Я мог бы перечислить с десяток картин, на которых Клаас демонстрирует свою наивную умиленность, и, когда художник приподнял и повернул его лицо к свету, я подумал, что он ищет у него то же выражение, но, возможно, я и ошибаюсь, потому что он вдруг спросил:

– Да понимаешь ли ты, чего от меня требуешь? – Но Клаас только безучастно на него поглядел. – Ладно уж, пошли, – сказал художник, – делать нечего, пошли.

И он снова крепко обхватил брата; мы вышли из беседки, вдоль фасада с окнами прошли во двор, художник всю дорогу бранился, плакался и осыпал нас – и меня в том числе – упреками, мол, все, что мы вытворяем, ухудшает и без того невеселое его положение. Только в коридоре он замолчал. Он отпер дверь в восточный флигель, там вдоль окон тянется коридор, откуда открываются, скажем, сто десять дверей, тяжелых, выкрашенных в серо-зеленую краску дверей с торчащими в замках непомерно большими, очевидно самодельными, ключами. Подталкивая Клааса в спину, он повел его по коридору мимо всех этих дверей, за которыми мне мерещились не люди, а птицы: коршуны с голой шеей, тяжеловесные кондоры, беркуты с нависшими веками, сидящие на исцарапанных кроватных столбиках. В каменном полу были высечены памятные даты: год тысяча шестьсот тридцать восьмой, тысяча девятьсот двенадцатый и другие, а под ними инициалы: А. Й. Ф., Ф. В. Ф. – бороздки по краям стерты, а в каменных плитах кое-где зияют трещины.

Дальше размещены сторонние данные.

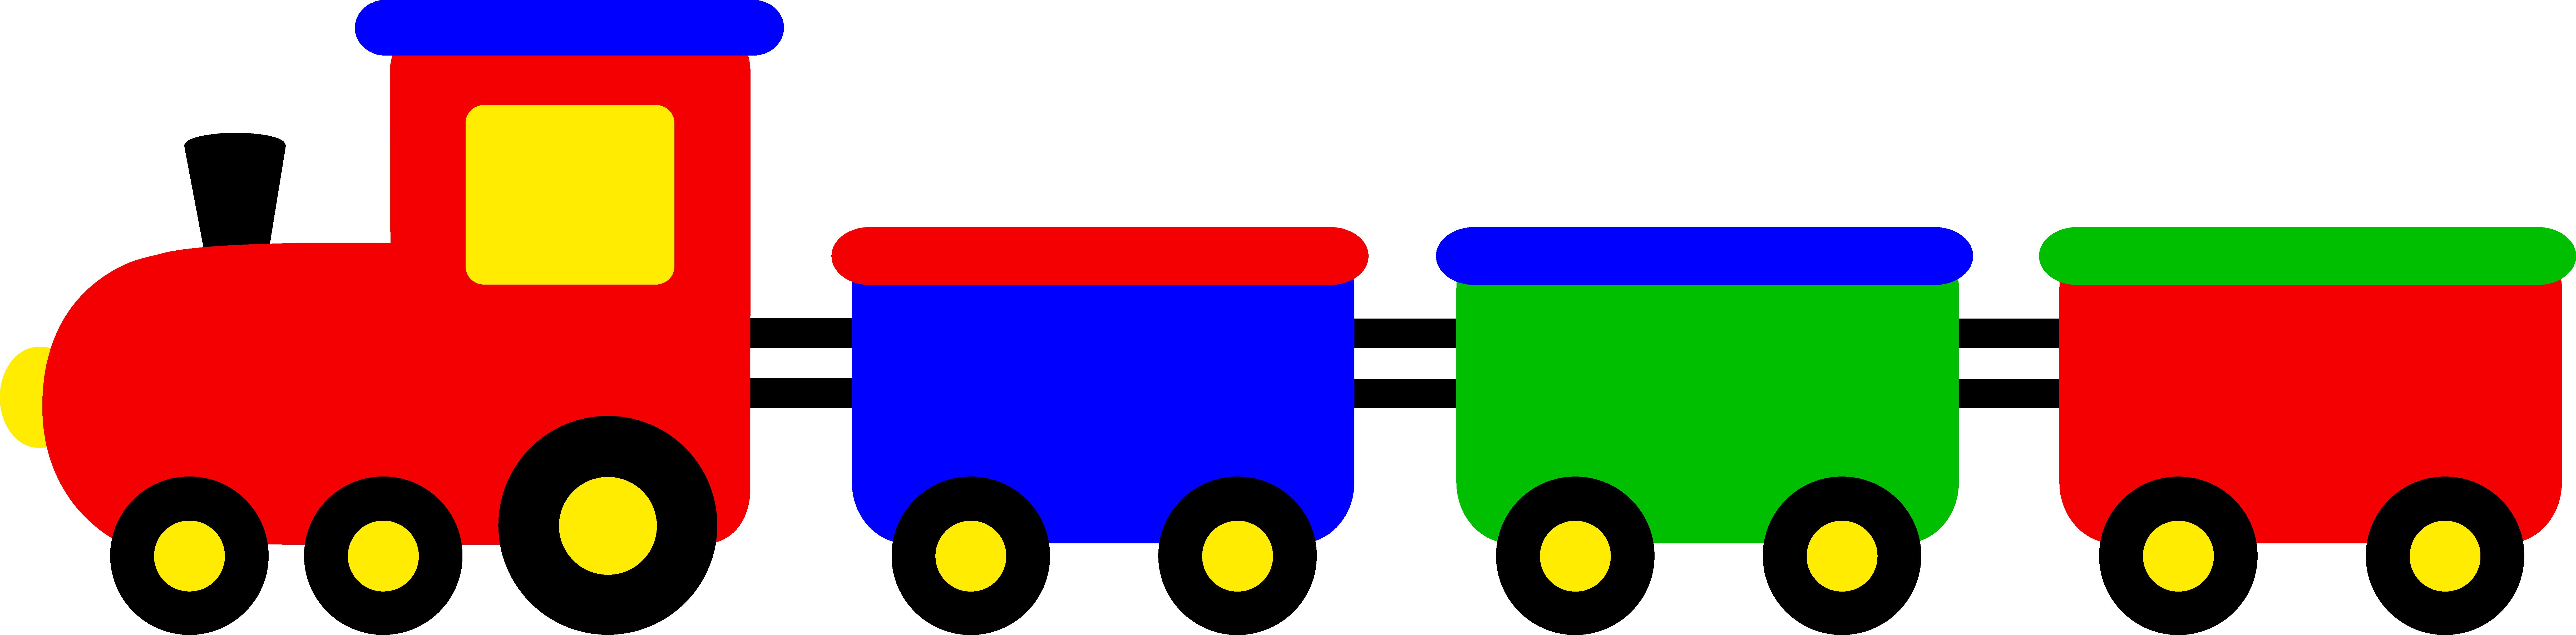 Clipart Train-clipart train-4

Ту ли дверь отворил художник? Эту ли комнату предназначил он брату? Он неожиданно остановился, отпер одну из дверей, вошел, тотчас же вернулся, кивнул и осторожно ввел в нее Клааса. То была ванная, вернее, кто-то, должно быть еще старик Фредериксен, отвел это помещение под ванную, приказал поставить здесь душ и ванну – матово-белое чудище с лапами грифа, но ни душ, ни ванна включены не были, здесь не было ни труб, ни крана, ни слива, так что напрашивалась мысль, что затея эта была оставлена по недостатку к ней интереса, а может быть, старик Фредериксен не дал себе труда хорошенько поискать эту комнату и она затерялась среди множества других. Почему в незавершенной обширной ванной был сложен комплект подержанных матрацев, сейчас уже не догадаешься, во всяком случае, матрацы были налицо и художник набросал из них ложе, причем от каждого броска столбом поднималась пыль, пучившаяся облаком в процеженном свете косых солнечных лучей. На это ложе художник и приказал Клаасу лечь.

Мой брат опустился на четвереньки, повалился набок и вытянулся во весь рост. Его знобило.

– Мне бы одеяло, не найдется ли у вас одеяла? – спросил он.

– Ты получишь все, что тебе нужно, – сказал художник и начал прибираться под высоким окном: составил двойную стремянку и отнес ее в сторону, собрал в кучу свинцовые трубы, ножовки, вентили, изоляционный материал и все это побросал в картонный ящик, затолкал ногой в угол облупившуюся штукатурку, бумажки и окурки, снял с гвоздя халат с узором из рыбьих костей, ощупал карманы, сложил и сунул его Клаасу под голову.

Клаас трудно дышал. Он смотрел на меня с несчастным видом. Теперь, когда я вижу его на этом ложе сквозь клубы пыли, сквозь дымку воспоминаний, мне кажется, будто он подал мне незаметный знак, тайный сигнал, прося не покидать его. Пыль ложилась на его лицо и веки. Я не понял его знака. Художник, качая головой, обходил помещение, оглядывая все, что здесь нужно сделать, и, казалось, у него опускались руки. Брат повернулся набок и зарылся лицом в сгиб локтя.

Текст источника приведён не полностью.